Ensemble classification involves combining individually trained classifiers to yield more accurate prediction, compared with individual models. Ensemble techniques are very useful for improving the generalization ability of classifiers. The random subspace ensemble technique is a simple but effective method for constructing ensemble classifiers; it involves randomly drawing some of the features from each classifier in the ensemble. The instance selection technique involves selecting critical instances while deleting and removing irrelevant and noisy instances from the original dataset. The instance selection and random subspace methods are both well known in the field of data mining and have proven to be very effective in many applications. However, few studies have focused on integrating the instance selection and random subspace methods. Therefore, this study proposed a new hybrid ensemble model that integrates instance selection and random subspace techniques using genetic algorithms (GAs) to improve the performance of a random subspace ensemble model.
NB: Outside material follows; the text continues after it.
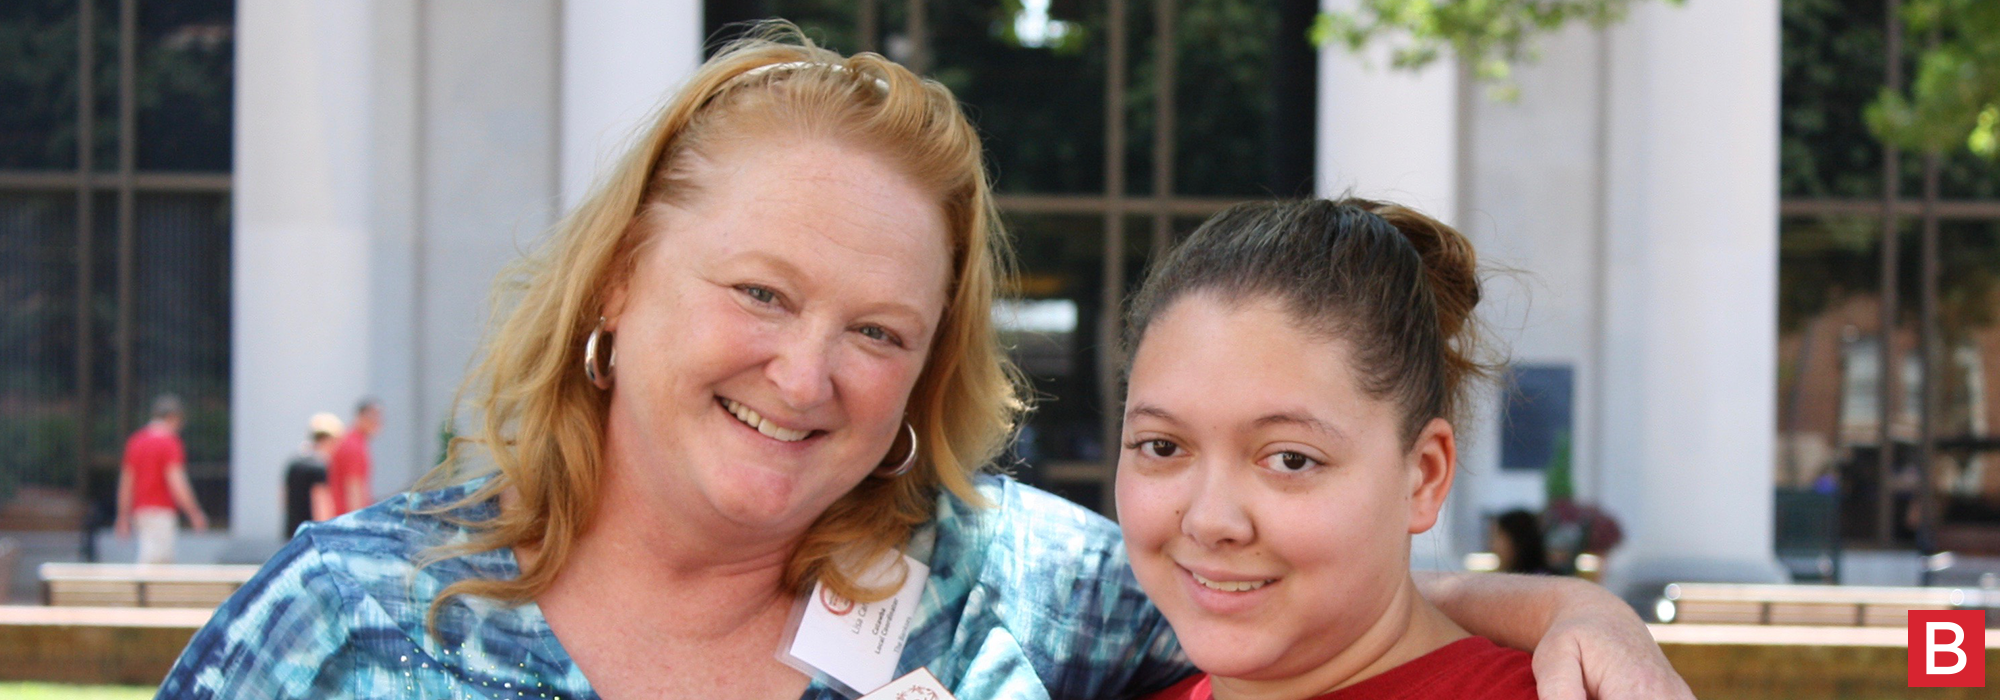 Lisa Carroll and her daughter, Sabrina

GAs are used to select optimal (or near optimal) instances, which are used as input data for the random subspace ensemble model. The proposed model was applied to both Kaggle credit data and corporate credit data, and the results were compared with those of other models to investigate performance in terms of classification accuracy, levels of diversity, and average classification rates of base classifiers in the ensemble. The experimental results demonstrated that the proposed model outperformed other models including the single model, the instance selection model, and the original random subspace ensemble model.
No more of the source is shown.